8. Dreams once buried beneath the dungeon floor slowly sprout into undying gardens

This is clearly the end: we’re being invited to to consider the journey, and to integrate what we’ve learned. The pacing of the album requires front-to-back, uninterrupted listening experience to create a container and context. It follows the formula of a “successful” psychedelic healing experience: The slow introduction and transition between this world and the cosmic one (tracks 1 and 2), the reality of when the medicine takes hold (track 3), the psychedelic experience of facing your finite humanity (tracks 4, 5, and 6) the aha moment of becoming one with the universe (track 7) and the release of crossing the threshold back into ordinary time. Track 8 is the comedown, releasing us gently back to here and now. 

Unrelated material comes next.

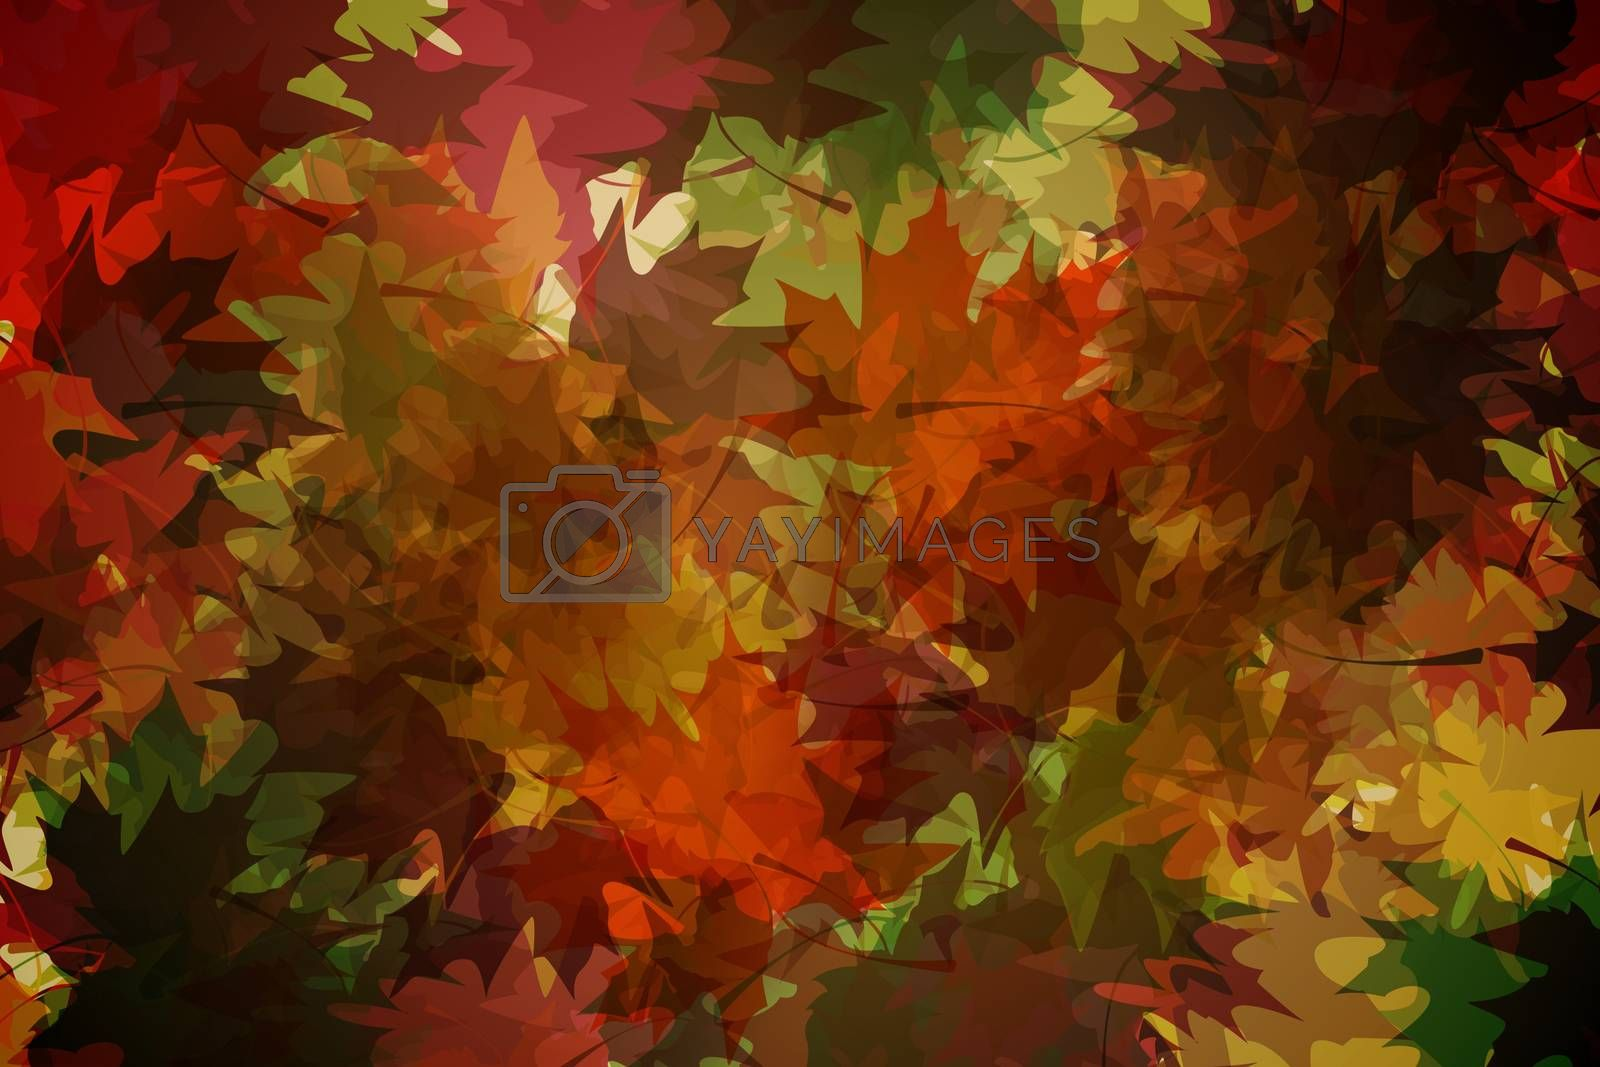 Royalty free image of Autumnal leaf pattern in warm tones by Wavebreakmedia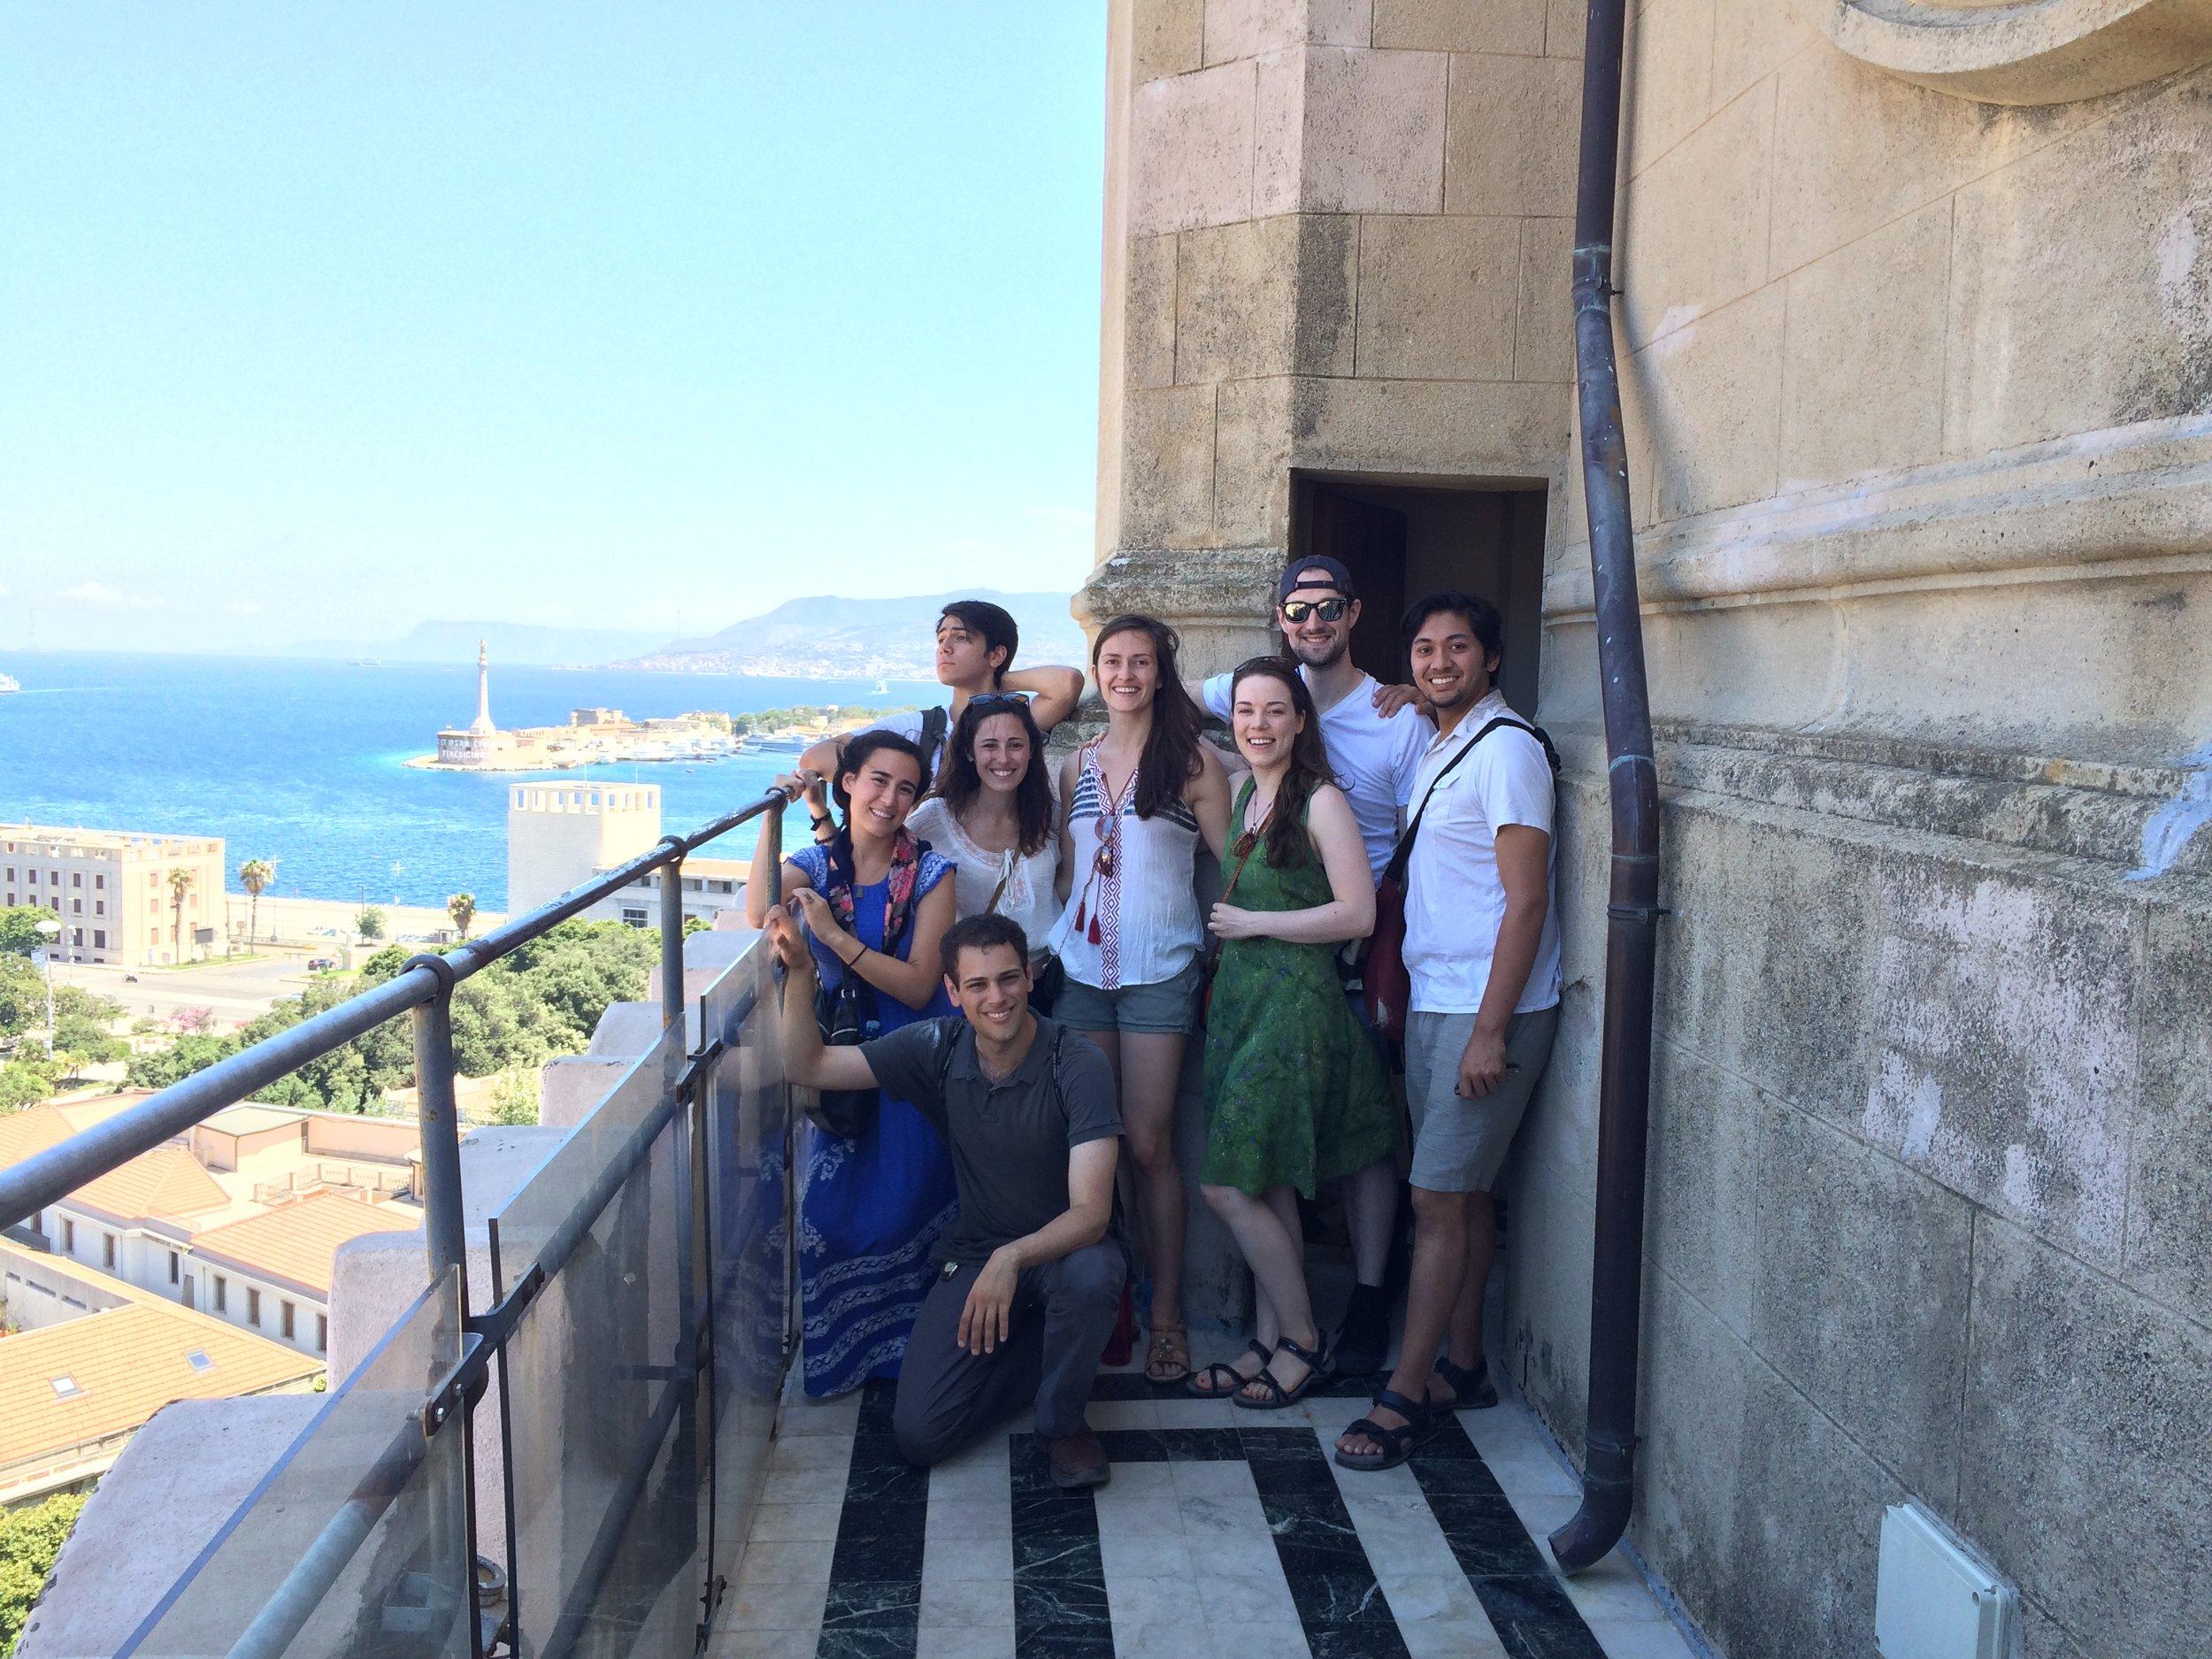 The Clocktower, Messina

I’ll be writing a more personal follow up about why this matters soon. 10 of unexpected 10.

-rosy 


New Blue Sun is 84 minutes of intergalactic time travel, spiritual jazz and a whole ASMR album all in one. The album progresses like a heavy psychedelic trip, with so much of the spirit of Alice Coltrane and Pharoah Sanders’ “Journey to Satchidananda,” which happens to be one of my favorite albums. Channeling spiritual jazz and sonic sankofa, “New Blue Sun” is the perfect album to regulate to in times of despair: this shit is distilled and transcendent.  I think listening to this album at night in real time with headphones and some good weed while painting might yield excellent results.